The “Number of voting rights represented by shares held by the Tender Offeror after tender offer” is the number of voting rights represented by the number obtained by adding the “Number of voting rights represented by shares held by the Tender Offeror before tender offer” (1 unit) to the number of voting rights (278,671 units) represented by the number of investment units to be purchased in the Tender Offer (278,671 units).

  (Note 3)

The “Total number of voting rights of all unitholders of the Target Company” is the number of voting rights represented by the total number of issued investment units as of May 31, 2022 as stated in the Target Company’s Securities Report (298,357 units),

  (Note 4)

The “Ownership ratio of shares before tender offer” and the “Ownership ratio of shares after tender offer” have been rounded to two decimal places.

 

  (8)

Purchase price: 35,391 million yen

  (Note) 

The amount obtained by multiplying the number of investment units to be purchased through the Tender Offer (278,671 units) by the Tender Offer Price (127,000 yen).

 

  (9)

Method of settlement

  (A)

Name and location of head office of financial instruments business operator/bank etc. in charge of settlement of tender offer

SMBC Nikko Securities Inc.    3-1, Marunouchi 3-chome, Chiyoda-ku, Tokyo

 

  (B)

Commencement date of settlement

Friday, November 18, 2022

 

  (C)

Method of settlement

After the expiration of the Tender Offer Period, the tender offer agent will promptly mail a notification concerning the purchase of investment units through the Tender Offer to the addresses of unitholders who wish to approve the tender of the investment units or wish to tender the investment units in the Tender Offer (the “Tendering Unitholders”) (or addresses of their standing proxy (the “Standing Proxy”) in the case of the Tendering Unitholders residing outside Japan (including corporate unitholders; the “Foreign Unitholders”)). For applications through online trade (https://trade.smbcnikko.co.jp/) (“Nikko Easy Trade”), the delivery of such notification will be made via electromagnetic methods.

Purchases will be settled promptly in cash.
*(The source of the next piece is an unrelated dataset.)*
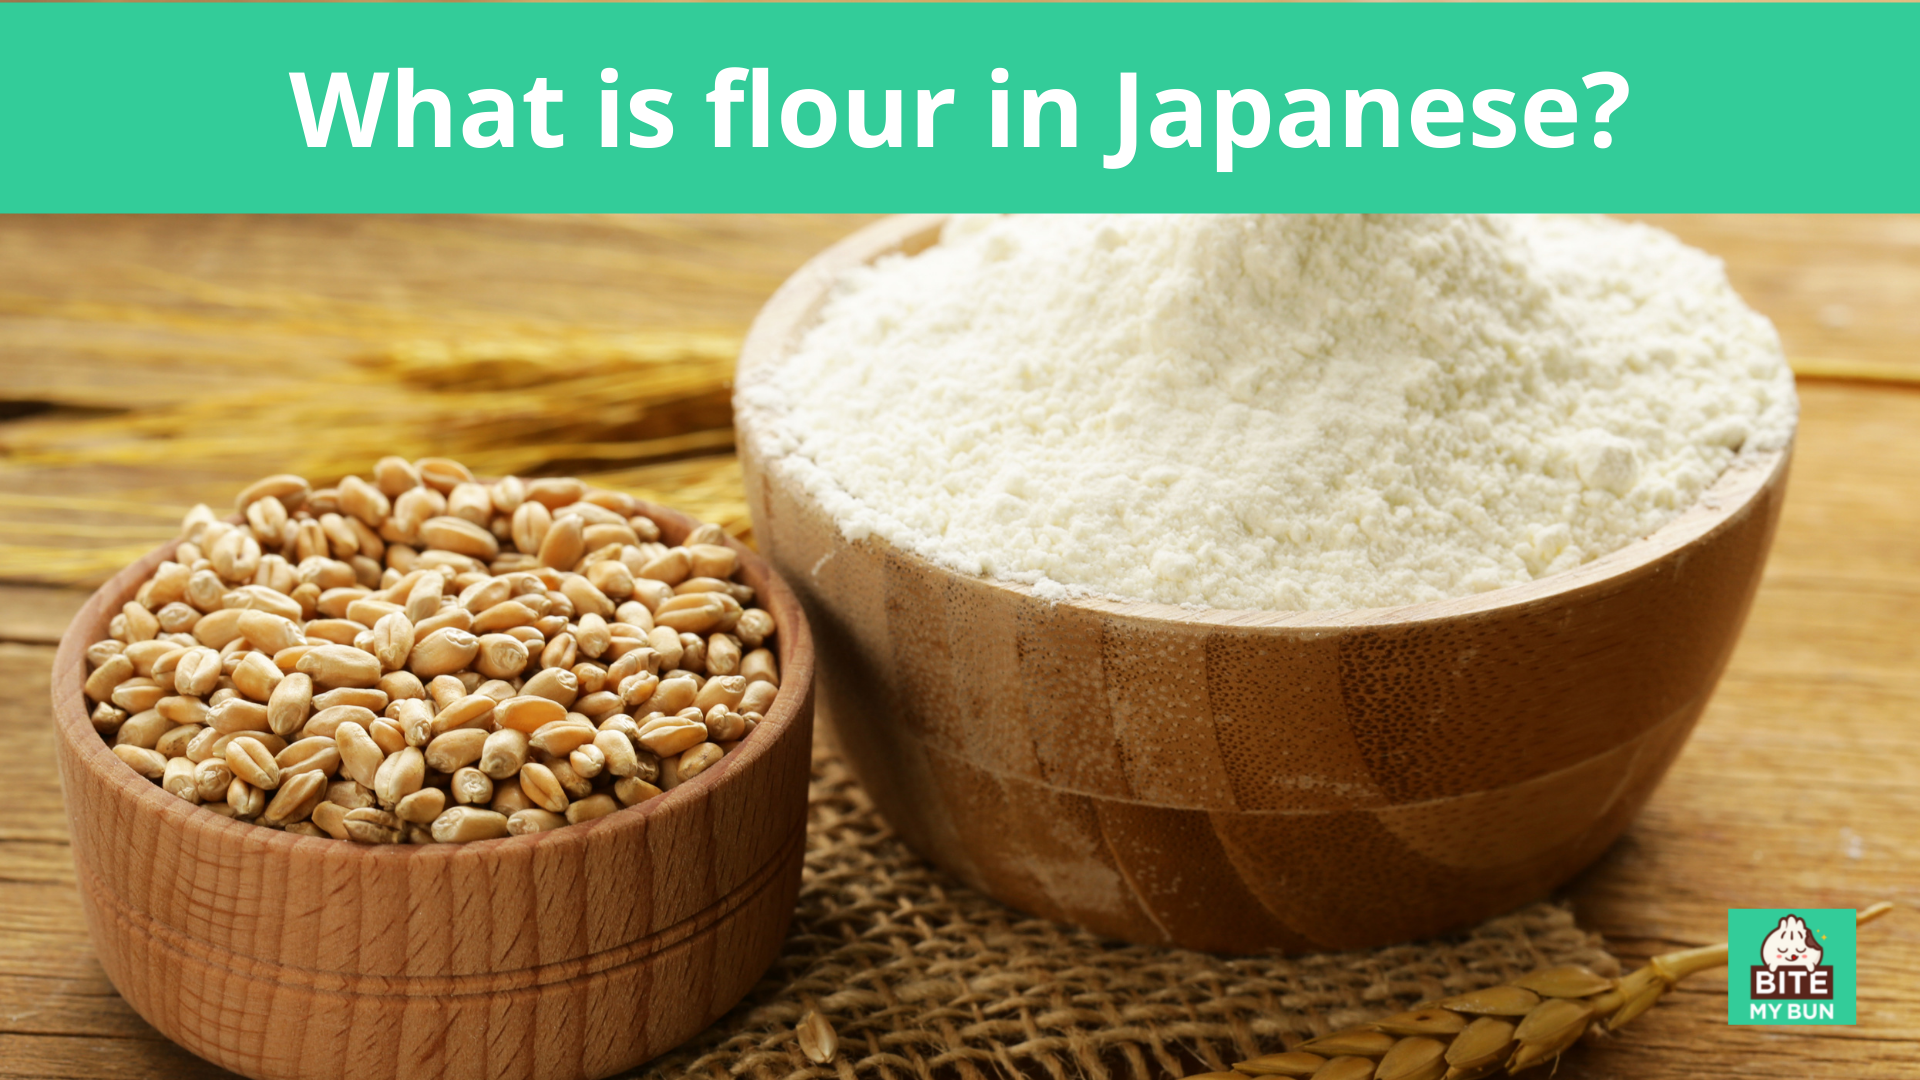 日本語で小麦粉とは何ですか？ すべての異なる名前（komugiko、chûrikiko、hakurikiko）が説明しました

Following the instructions of the Tendering Unitholders (or their Standing Proxy in the case of the Foreign Unitholders), the proceeds from the sale of the investment units will be remitted by the tender offer agent promptly after the commencement date of settlement to the place designated by the Tendering Unitholders (or their Standing Proxy in the case of the Foreign Unitholders).

 

43


  (D)

Method of return of shares

If all of the tendered investment units are not purchased pursuant to the terms described in “(A) Conditions set forth in each item of Article 27-13, Paragraph 4 of the Act and the details thereof” and “(B) Conditions of withdrawal, etc. of the tender offer, details thereof and method of disclosure of withdrawal, etc.” of “(10) Other conditions and methods of purchase” below, the investment units will be returned two (2) business days after the last day of the Tender Offer Period (or the date of withdrawal in the case of withdrawal of the Tender Offer). The investment units will be returned by reverting unitholder records to their state immediately before the investment units were tendered (i.e., the status where the execution of the tender has been cancelled).

 

  (10)

Other conditions and methods of purchase

  (A)

Conditions set forth in each item of Article 27-13, Paragraph 4 of the Act and the details thereof If the total number of the Tendered Shares is less than the minimum number of investment units to be purchased (179,219 units), the Tender Offeror will not purchase any of the Tendered Shares. If the total number of the Tendered Shares is no less than the minimum number of investment units to be purchased (179,219 units), the Tender Offeror will purchase all of the Tendered Shares.

 

  (B)

Conditions of withdrawal, etc. of the tender offer, details thereof and method of disclosure of withdrawal, etc.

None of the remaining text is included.